━━━━━ MATERIAL SHOWN ━━━━━

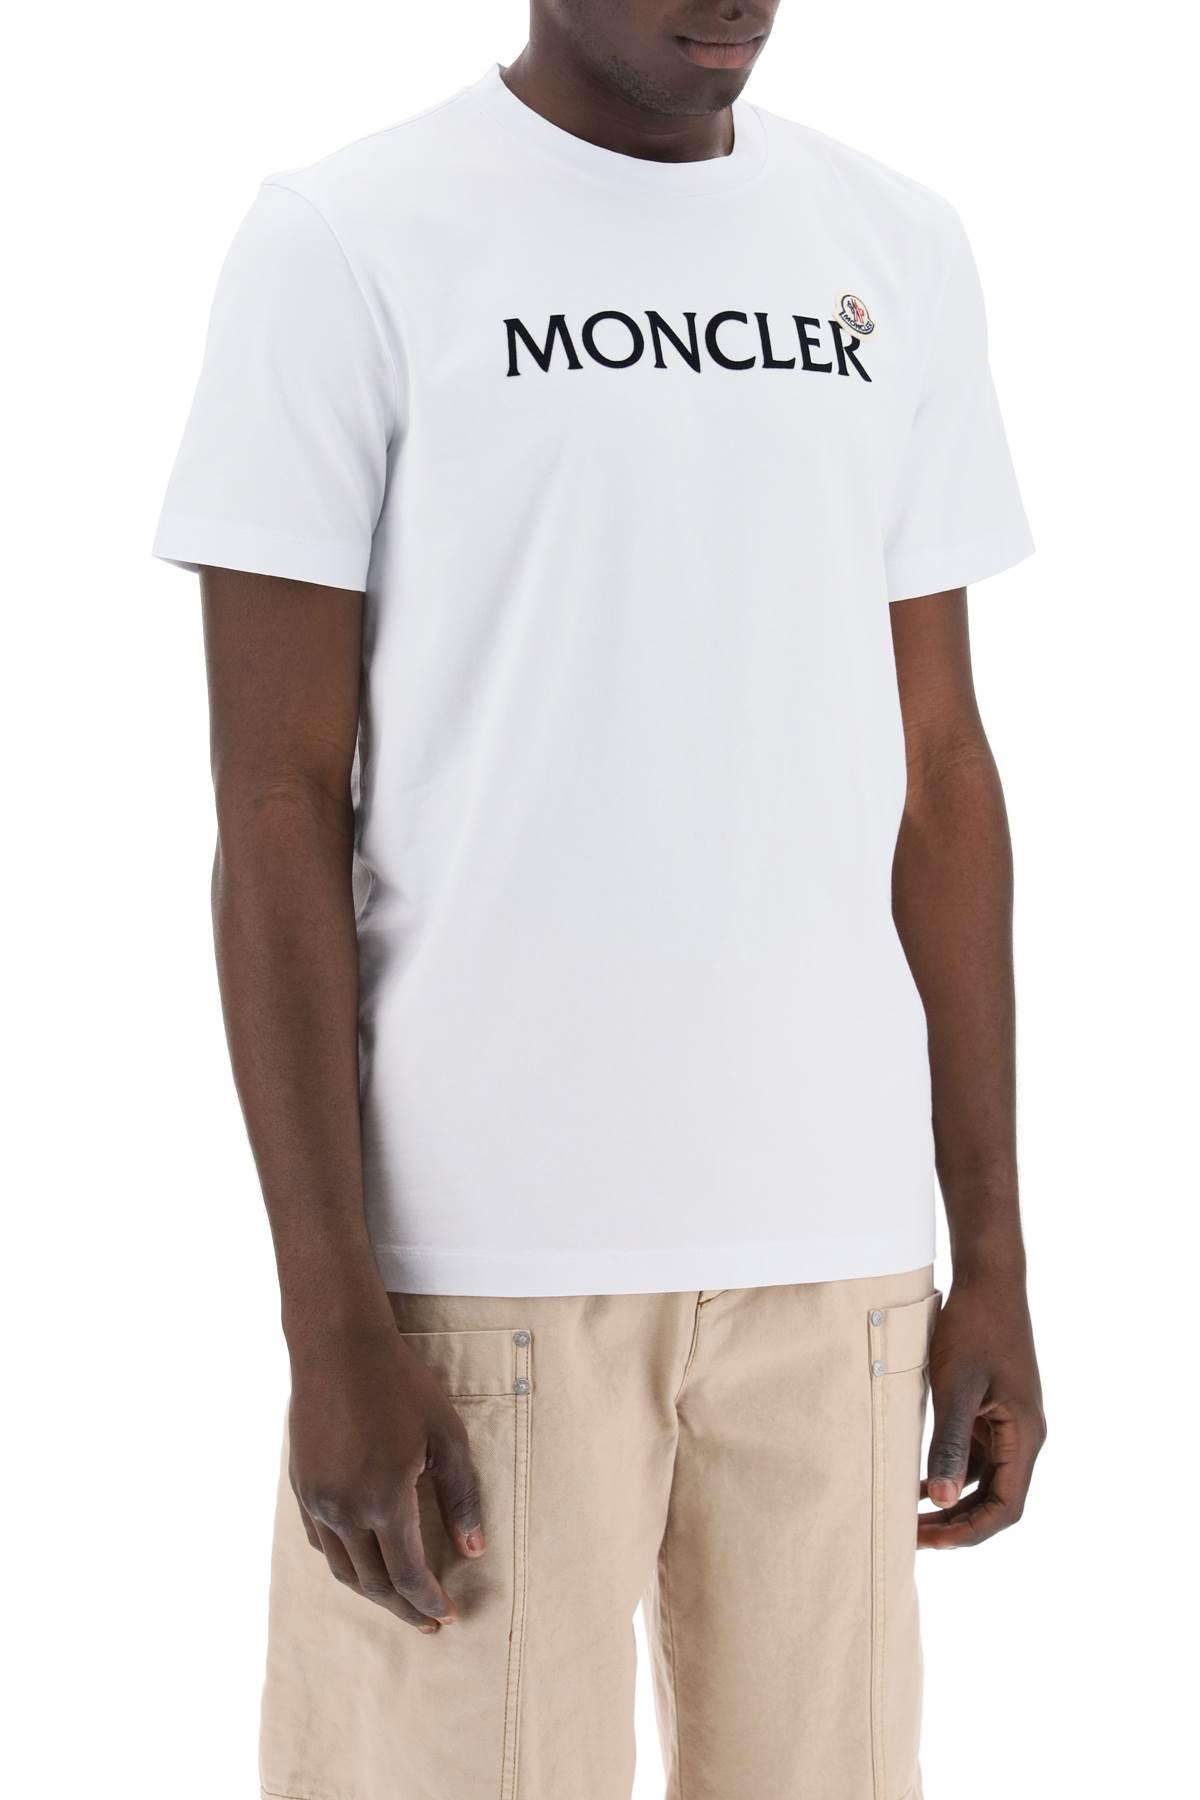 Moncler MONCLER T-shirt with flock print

━━━━━
━━━━━ MATERIAL SHOWN ━━━━━

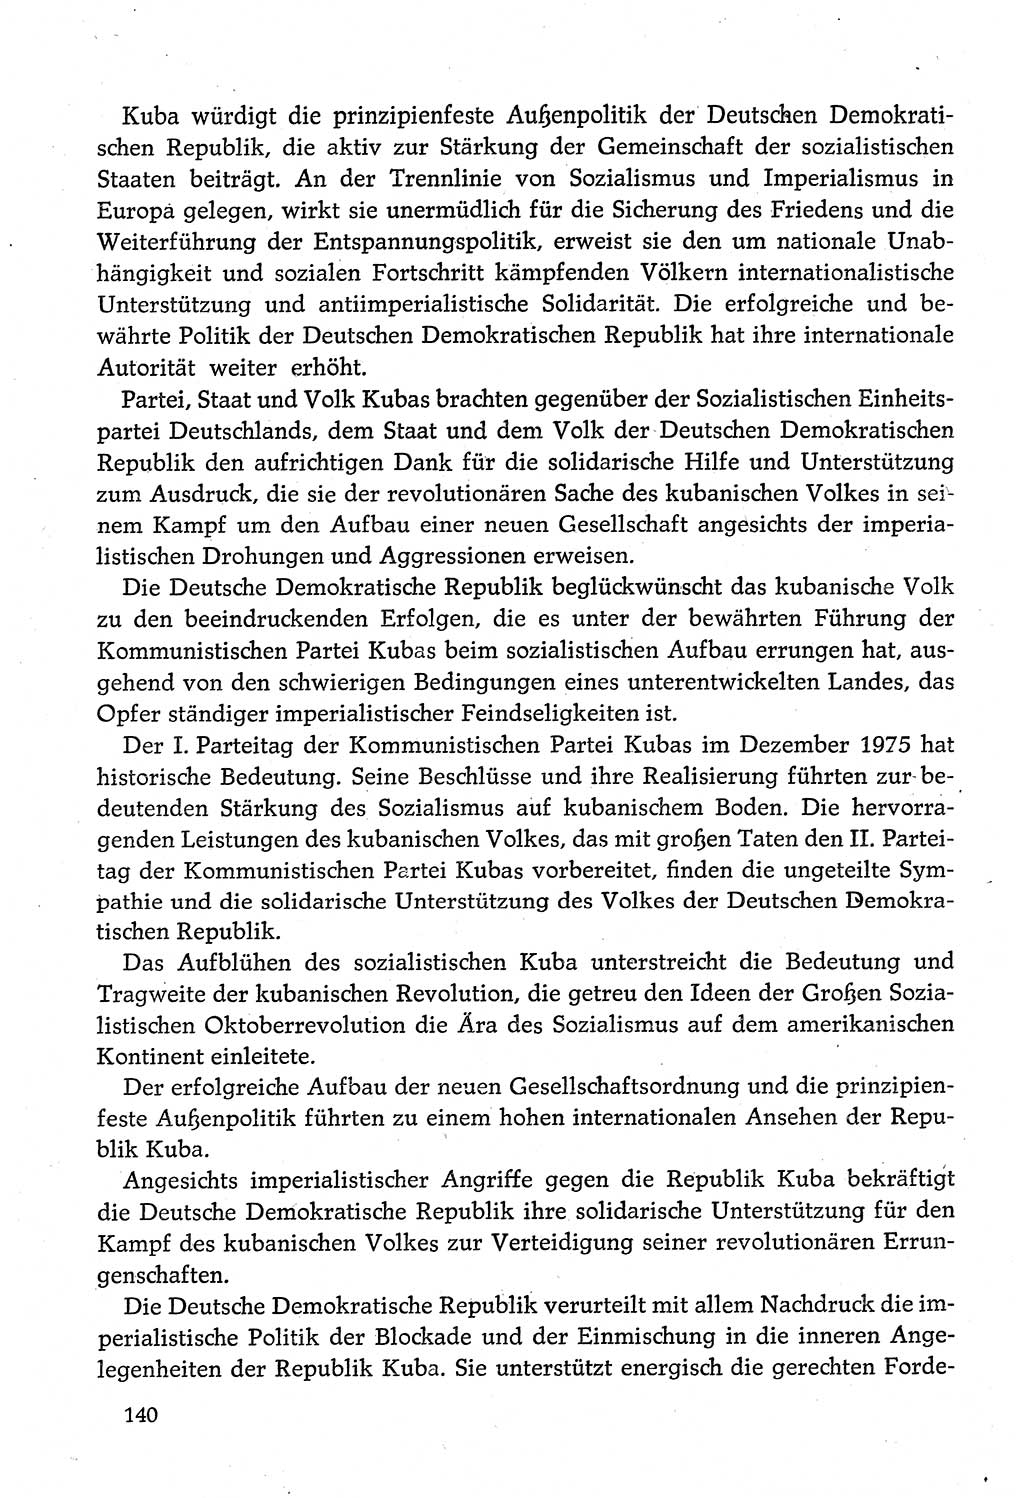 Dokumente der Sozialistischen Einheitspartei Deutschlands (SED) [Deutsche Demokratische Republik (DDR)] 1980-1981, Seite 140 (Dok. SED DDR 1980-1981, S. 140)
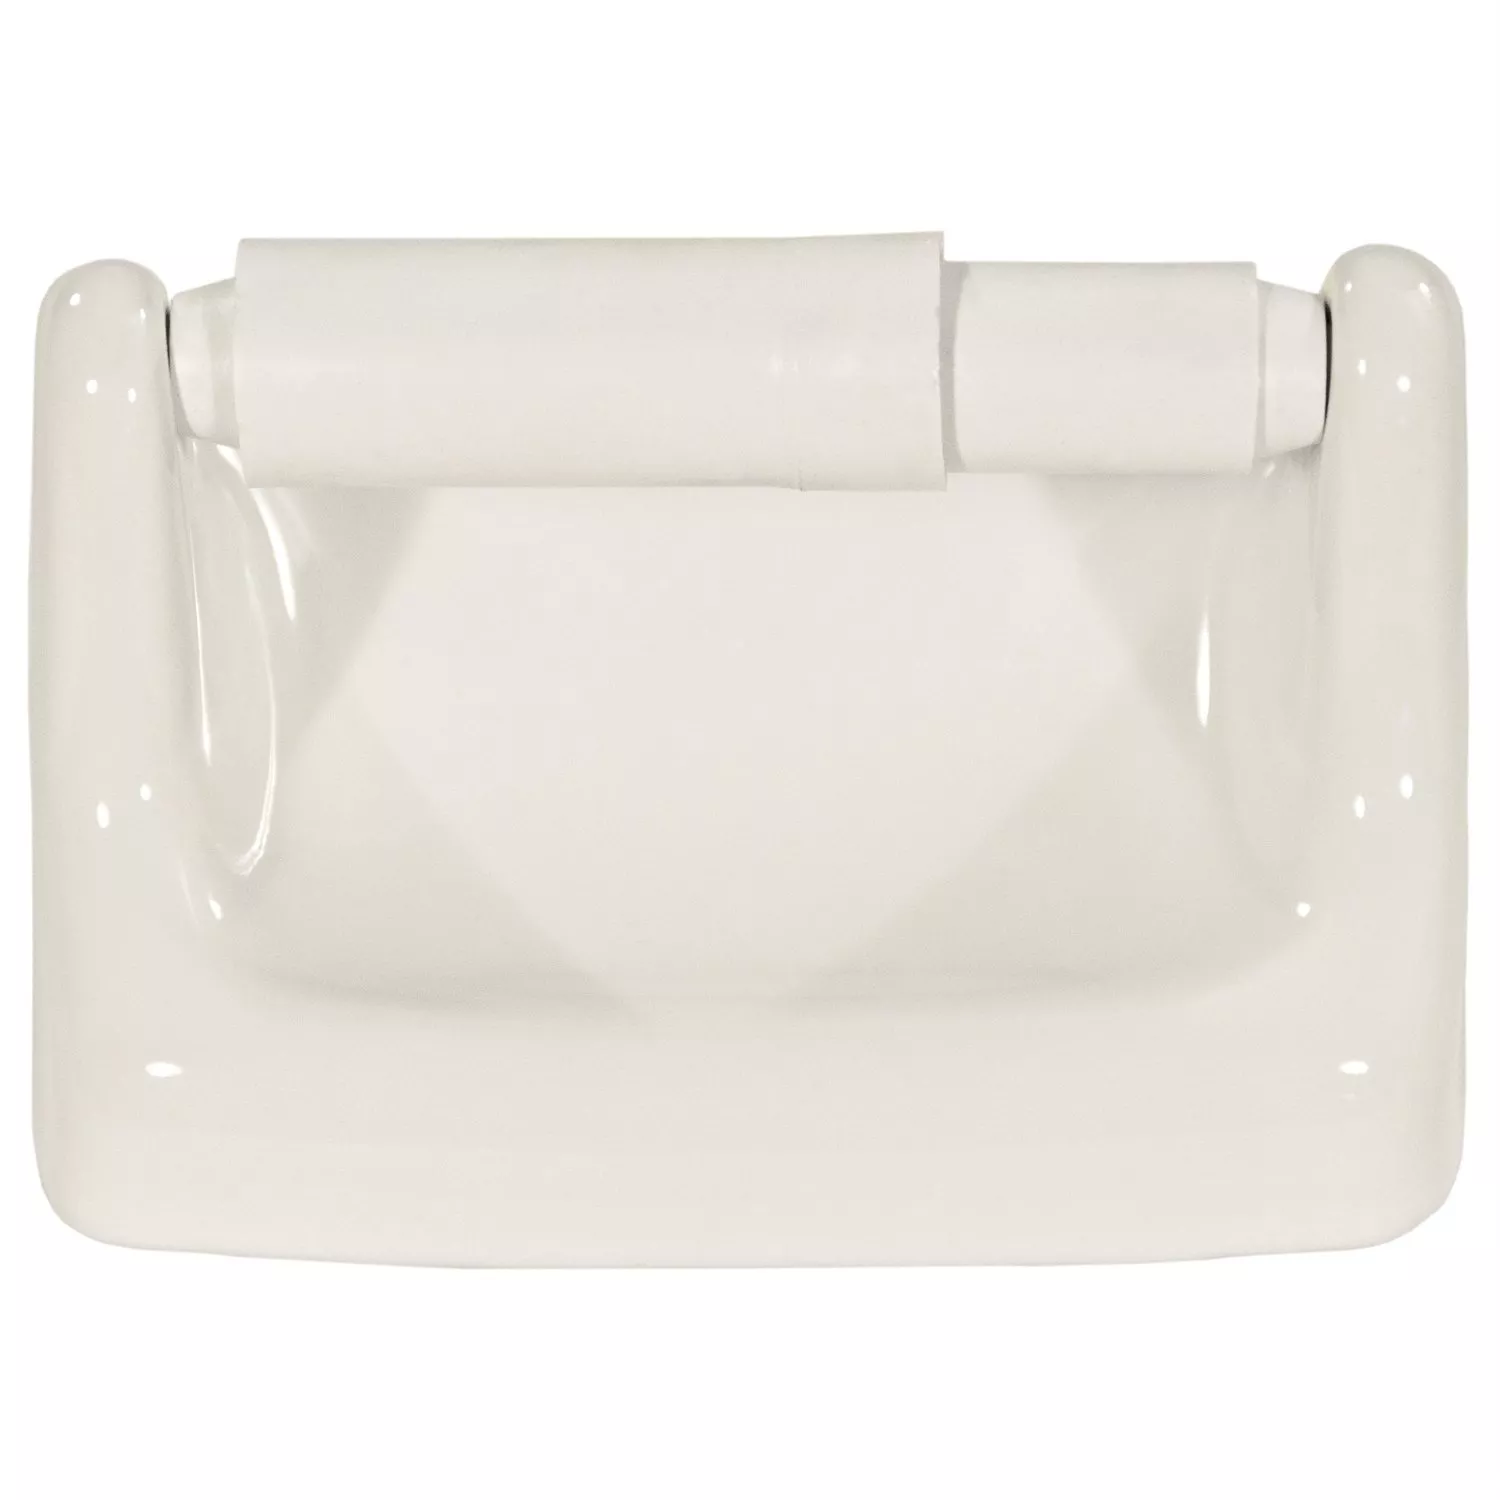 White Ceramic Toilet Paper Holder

━━━━━
━━━━━ MATERIAL SHOWN ━━━━━

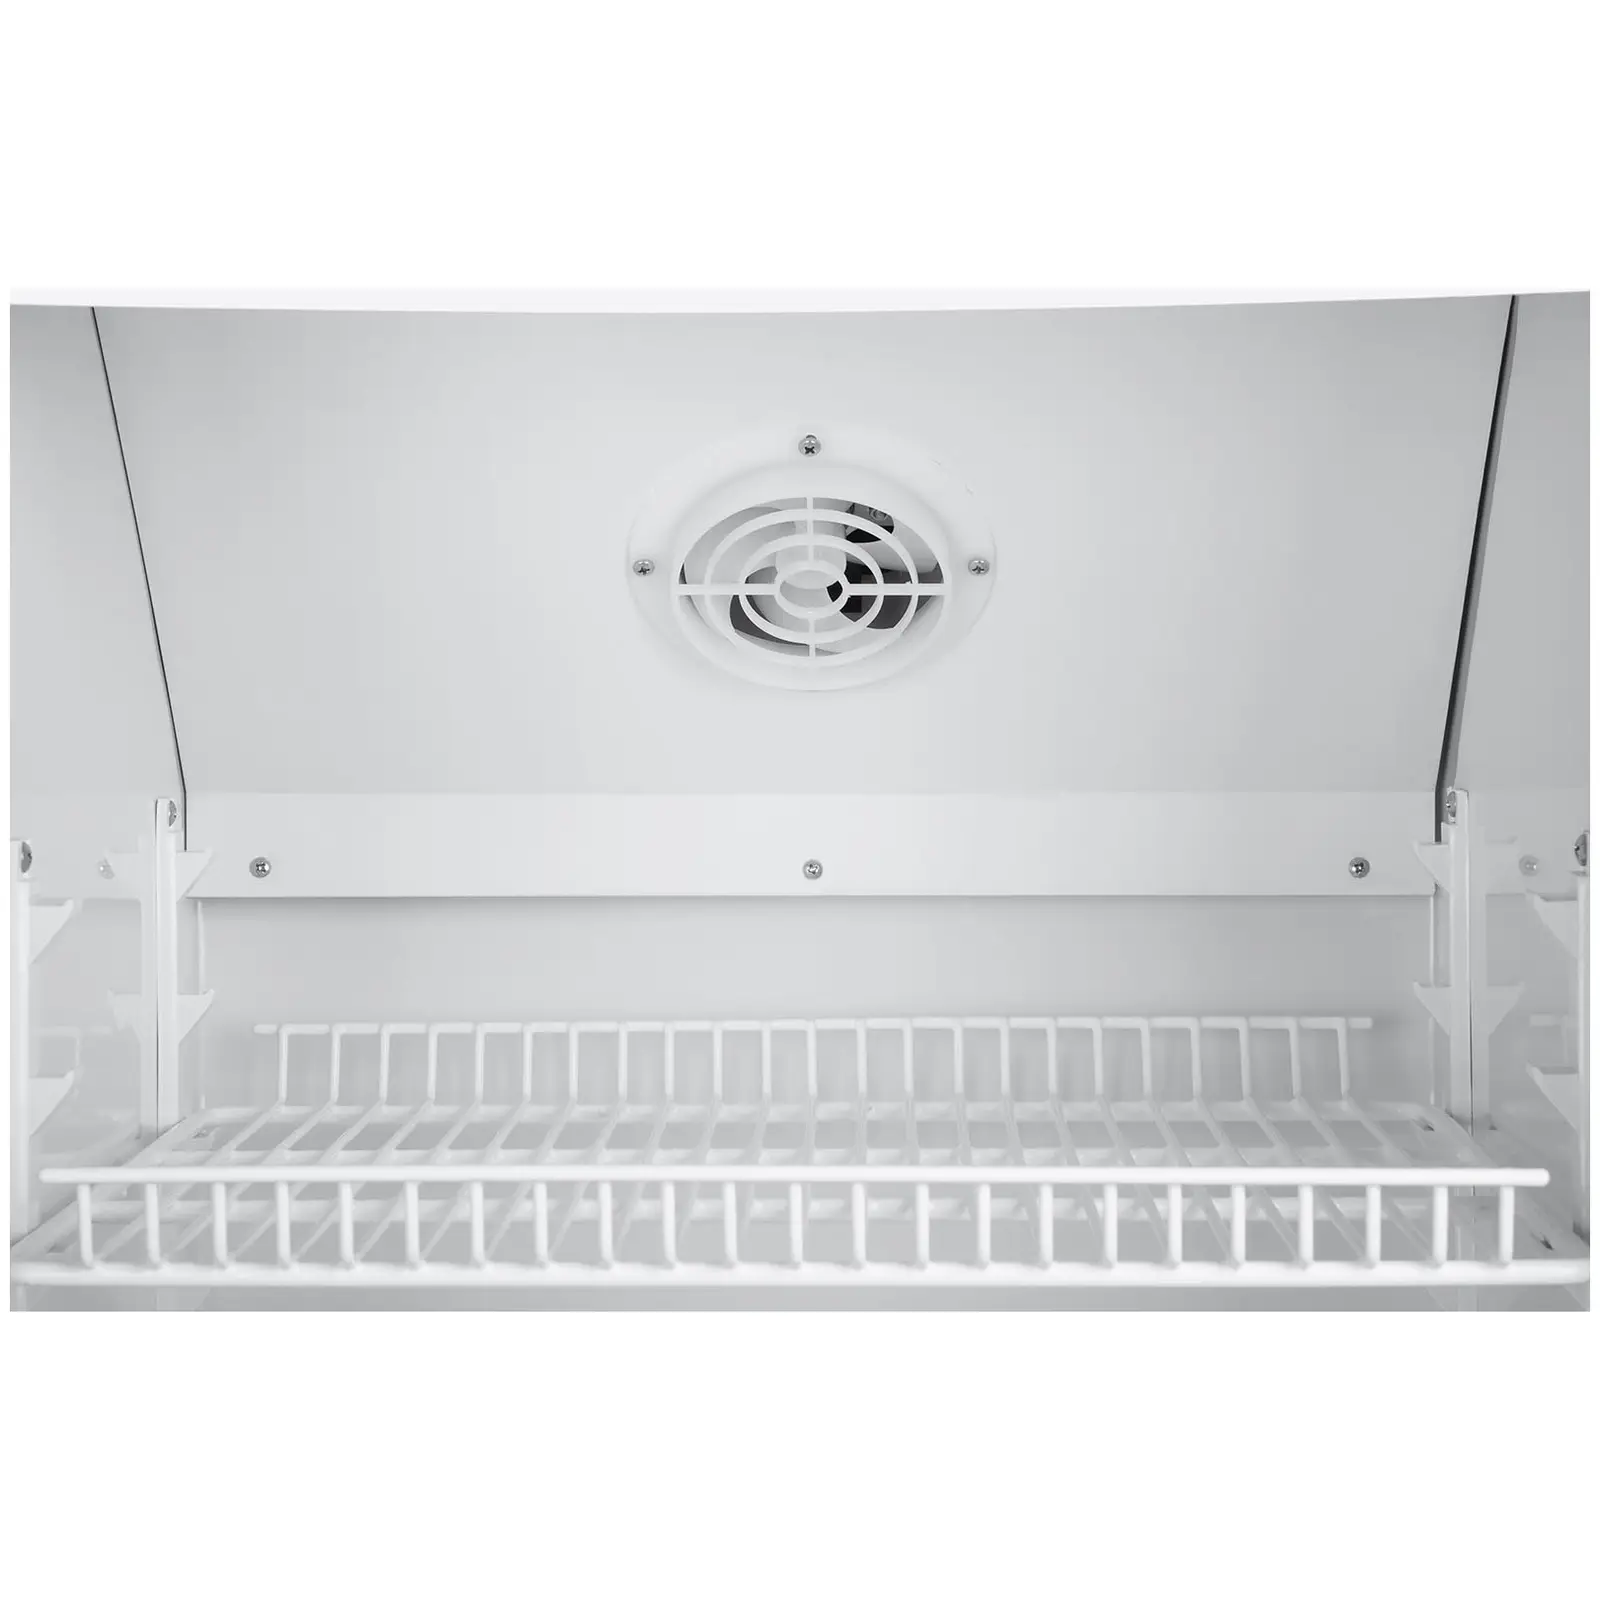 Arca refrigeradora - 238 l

━━━━━

| ASSIGNMENT |
What to print is the stretch of entries from the line with "Dokumente der Sozialistischen" up to and including the line with "White Ceramic Toilet Paper Holder". Please print it exactly and leave out the pictures.

| ANSWER SECTION |
 Dokumente der Sozialistischen Einheitspartei Deutschlands (SED) [Deutsche Demokratische Republik (DDR)] 1980-1981, Seite 140 (Dok. SED DDR 1980-1981, S. 140)
 White Ceramic Toilet Paper Holder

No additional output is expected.